Its curious that a company like API, who this year sported such productions as Pigeon Man Apocalypse and Lolita would also have come up with material such as this.

This segment of five short films was at once one of the most absurd and uninteresting moments of the entire Fringe. With subject matters as varied as the apocalypse and a gay man's quest to try and be straight, they at best managed to be bewilderingly odd and at worst pretentious garbage.

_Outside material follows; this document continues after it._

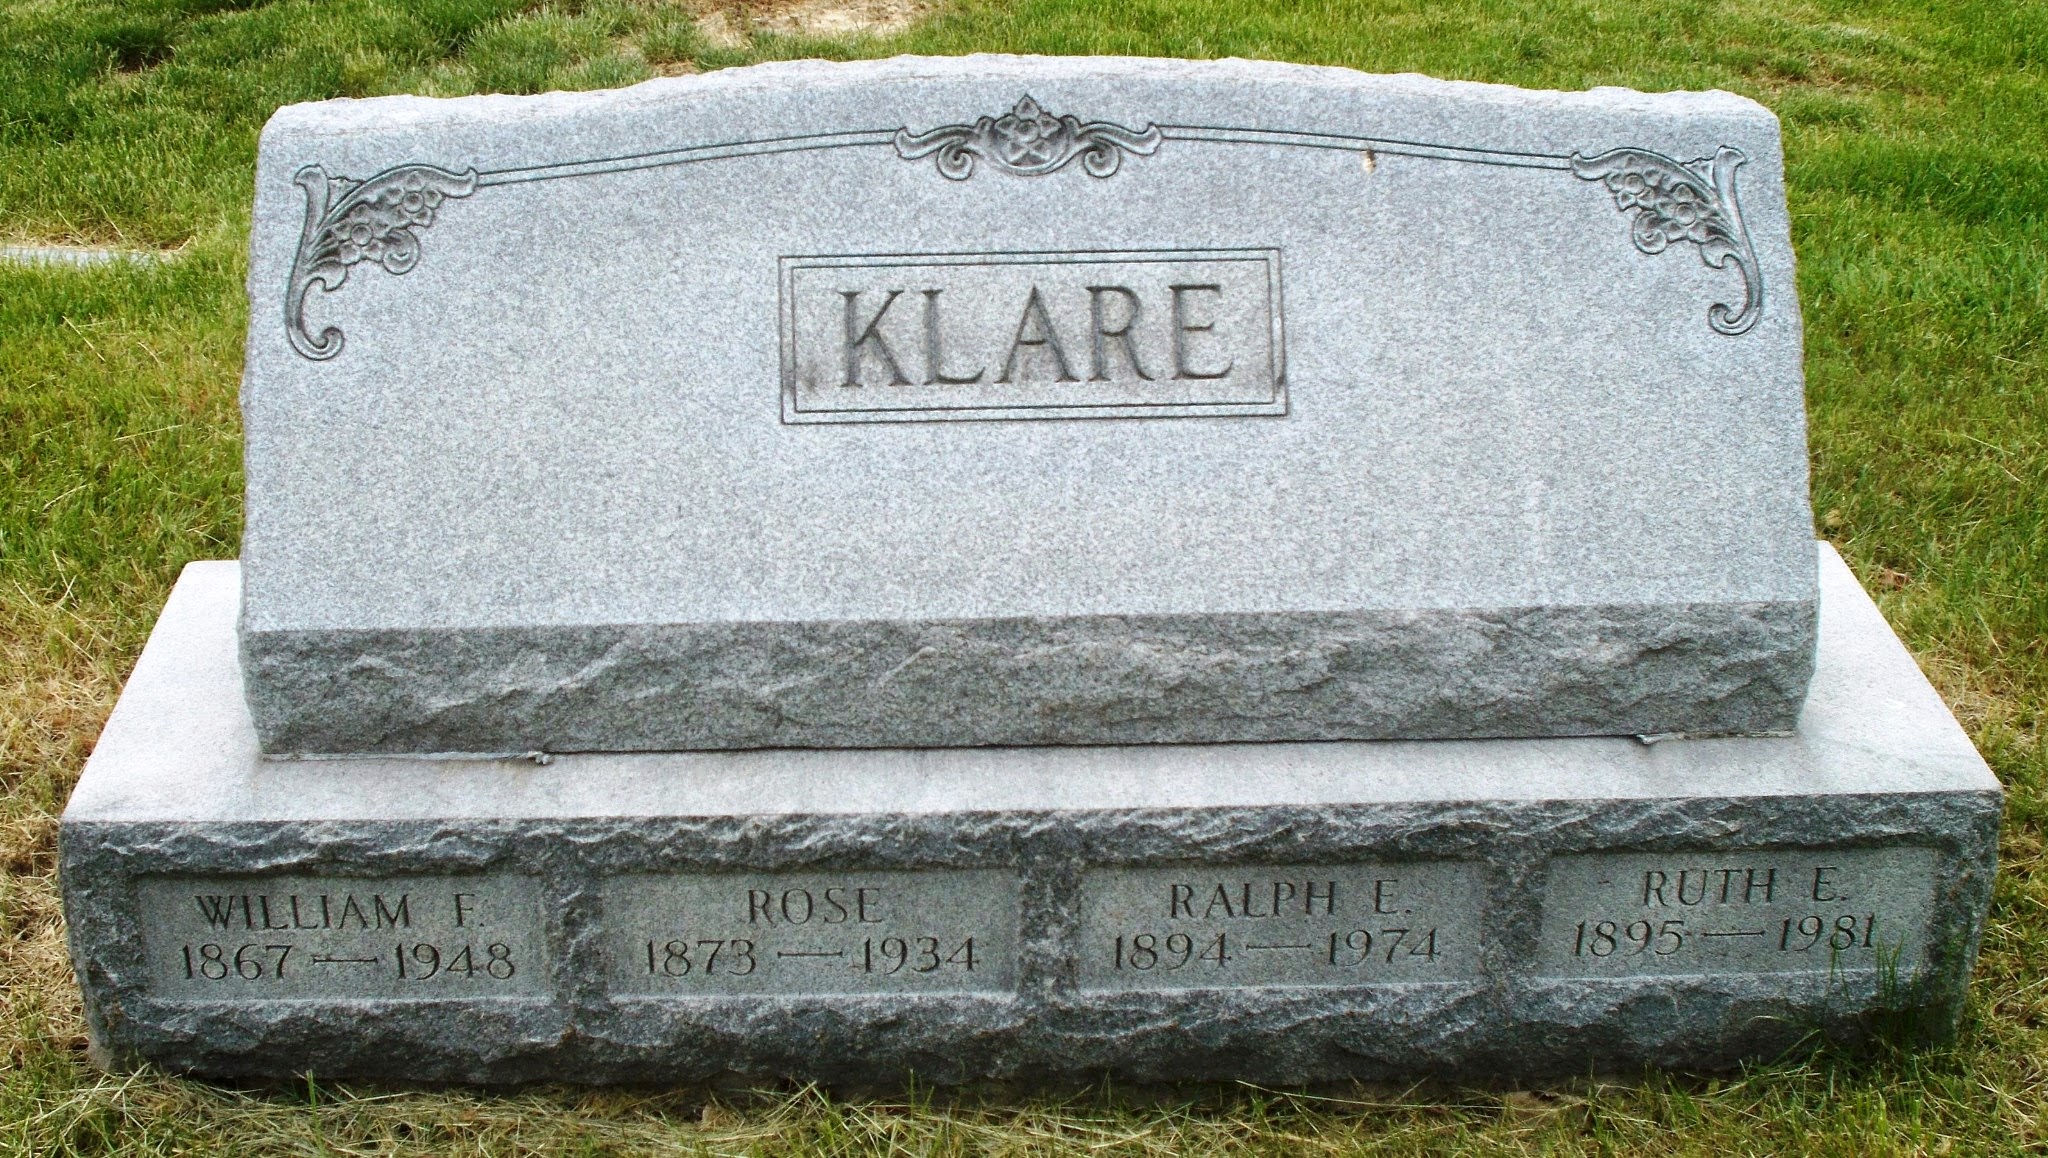 William F Klare

In addition, the production of the vignettes was threadbare to the point of being sub-Dogme material.

Graeme Strachan

Press Escape to Continue
Small Fires Theatre Company
Pleasance Dome
***

A group of twenty-something office workers are unhappy with their lot in life and each has a dream of their hidden ambitions while working in a humble job that each hates. One dreams of being an airline pilot, another a ballet dancer and the hero, a playwright.

He decides one day that if only he had the time he could write something extraordinary, so he leaves his job and tries to apply himself fully to his writing, only to discover that he is easily distracted and misses the camaraderie of his job.

The play is well written with an obvious knowledge of the subject and the concept is executed well and is amusing and clever. Spelling out the humdrum nature of the office work and the sense of time being wasted.

The only letdown is the sudden and fairly abrupt ending, where the story has actually run on for about three or four scenes too long. Had these moments occurred earlier in the play then it would have made more sense.

Graeme Strachan

Rosencrantz and Guildenstern are Dead
By Tom Stoppard
Chimeric Productions
C Chambers Street
*****

Tom Stoppard's much lauded play about the nature of life, destiny, reality and causality, celebrated the 40th anniversary of its premiere at the Fringe with a stylishly modernised performance from Chimeric Productions.

The modern setting features the titular hapless philosophising wanderers as a pair of beachfront backpackers. Set against the background of Hamlet, the titular heroes seem even more suited to the confusion and sense of misplaced reality, with vague allusions to long-term drug taking and heavy drinking left in the air as possible explanations for their confused status.

Under Ben Waring's accomplished direction, Tom Oakley and Dan Jennings take up the roles of the hapless and interchangeable duo with a sense of brotherly affection and mutual dependence that seems far more natural than practised, but with deeper rooted feelings of frustration bubbling through their predicament. Oakley's Guildenstern is particularly impressive; becoming increasingly antagonistic and wound ever tighter until his eventual moment of homicidal madness against the Player.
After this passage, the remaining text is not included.